According to the merger announcement conference call, the company will be run by current Crestwood Chairman and CEO Robert Phillips. Inergy Chairman and CEO John Sherman will have a place on the boards of the merger follow-on companies. Most of the existing management teams will maintain their current responsibilities.
As a result of the merger there will be a company that generates revenue and earnings from many more parts of the midstream natural gas system between the well head and the end user. The end result will be publicly traded MLP companies with a market cap of $5.3 billion and enterprise value of $7.3 billion. One of the benefits expected out of the merger is that the combined company will receive an investment grade credit rating and the debt to EBITDA ratio can be significantly reduced over the next several years, reducing the risk to investors.
The actual merger of the two entities will be a multi-step and somewhat complicated process. Here is what will happen as I understand the process from the conference call materials:
- On June 14, NRGY will distribute the NRGM units it holds to the current NRGY unit holders with NRGY investors receiving 0.4321 shares of NRGM for each NRGY unit owned.
- Privately held Crestwood Holdings will pay $80 million for the GP interest of NRGY.
- Crestwood Holdings will transfer the GP and IDR rights of Crestwood Midstream Partners to NRGY in exchange for 39.5 NRGY units - post the NRGM distribution.
- Crestwood Holdings has a one-time right to exchange CMLP units for up to 29% of the outstanding NRGY units. This right is expected to be exercised.
- CMLP will be merged into NRGM, with CMLP investors receiving 1.07 NRGM units and $1.03 cash per CMLP unit.
Only that last step, which is expected to finalize at the end of September, requires a vote for unit holder approval. With First Reserve and its 43% stake in CMLP supporting the merger, the vote can be viewed as a done deal.
Once all of the exchanging and merging has been completed, two MLPs will be left standing. Inergy L.P. will be a general partner type MLP, holding the GP and incentive distribution rights of a much larger Inergy Midstream Partners L.P., which will hold most of the cash flow producing assets.

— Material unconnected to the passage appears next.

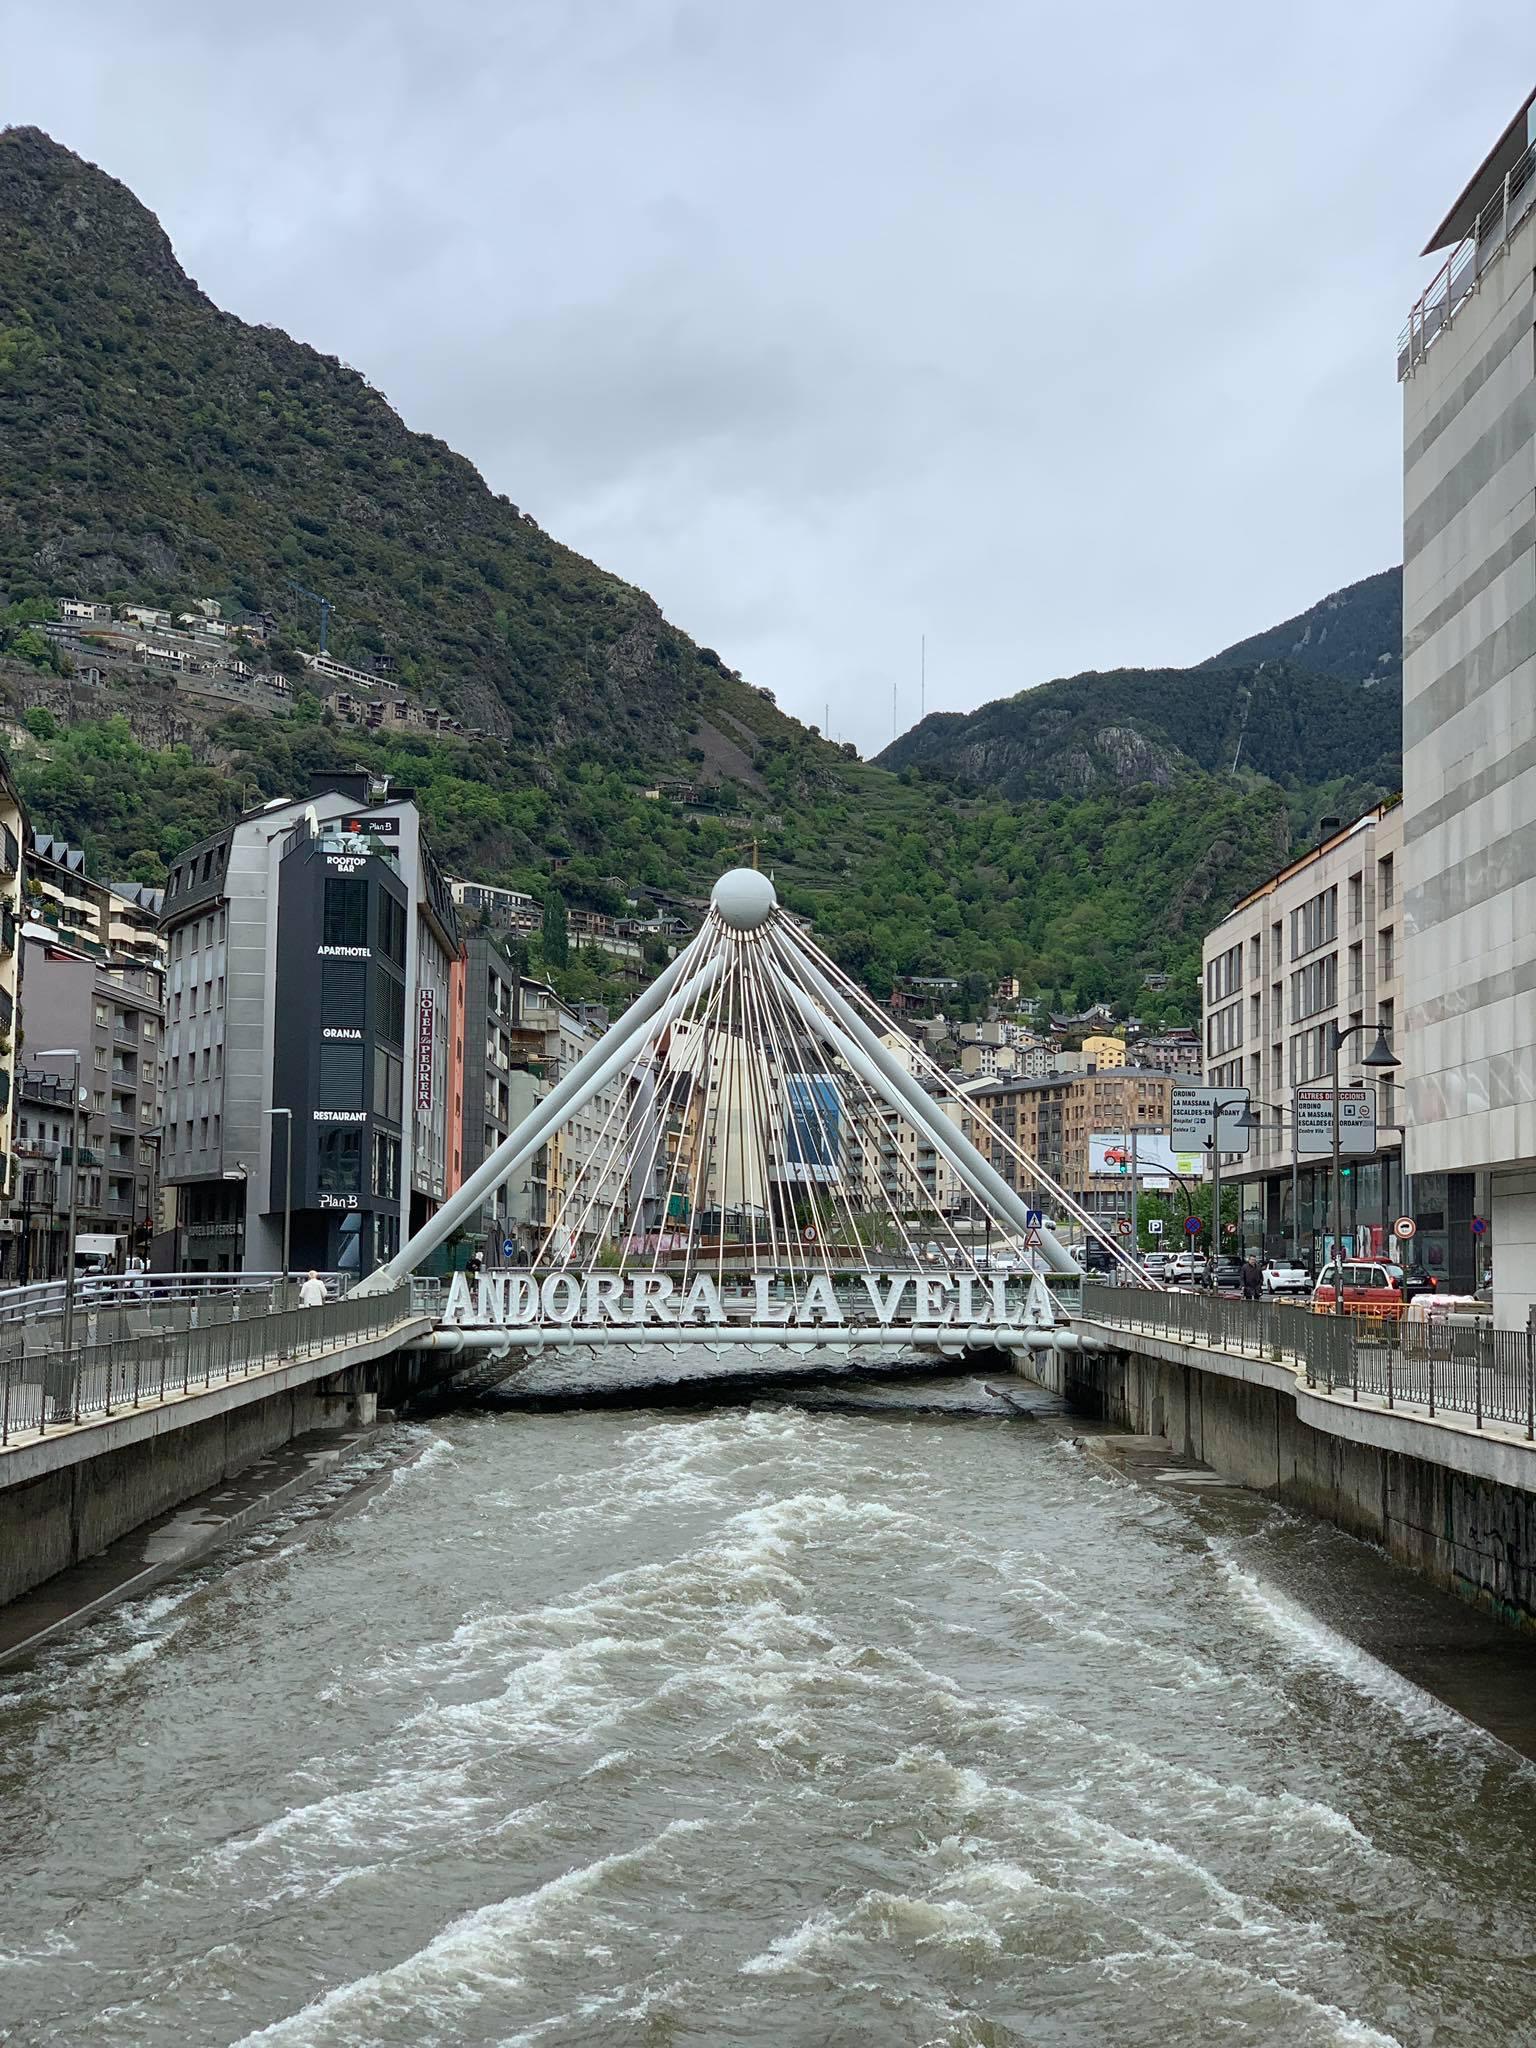 Andorra la Vella / Andorra
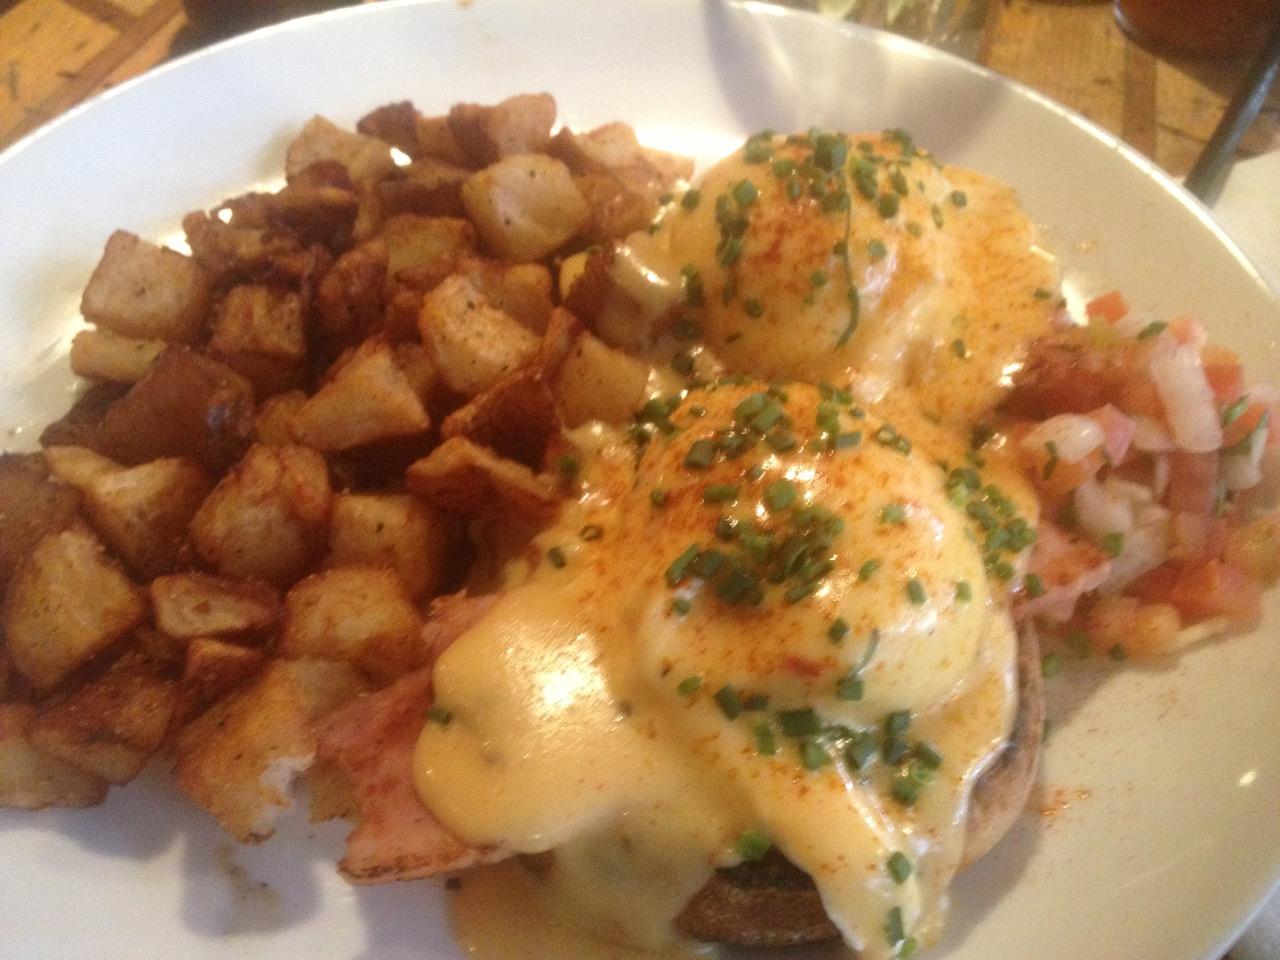 Breakfast at Peso's Kitchen – February 16 2013

Crestwood Holdings and First Reserve will be major unit holders of both L.P. companies and also the Inergy L.P. general partner interest which appear to not have IDRs attached.
When the merger was announced, NRGY popped up by 10%, NRGM dropped by about 7% and CMLP units opened higher by about the same 7% . NRGY stayed pretty flat for the rest of the week and the other two reversed and then recovered some of the initial price changes.
I have been watching Inergy L.P. and Inergy Midstream for a while to see how things would work out as far as growth and distributions. There has not been enough time for anything to happen and I have been happy to sit on the sidelines. I think the same tactic will work out OK with this merger. Wait until a quarter or two after the merger to see what becomes of the distributable cash flow and distribution level for the new, larger Energy Midstream Partners.
Inergy L.P. is a little more interesting, with a further shift the MLP GP type of company status. I would wait until after the NRGM shares are distributed in May and then possibly take a small position in NRGY to participate in the planned multi-year growth pattern the architects of this merger envision.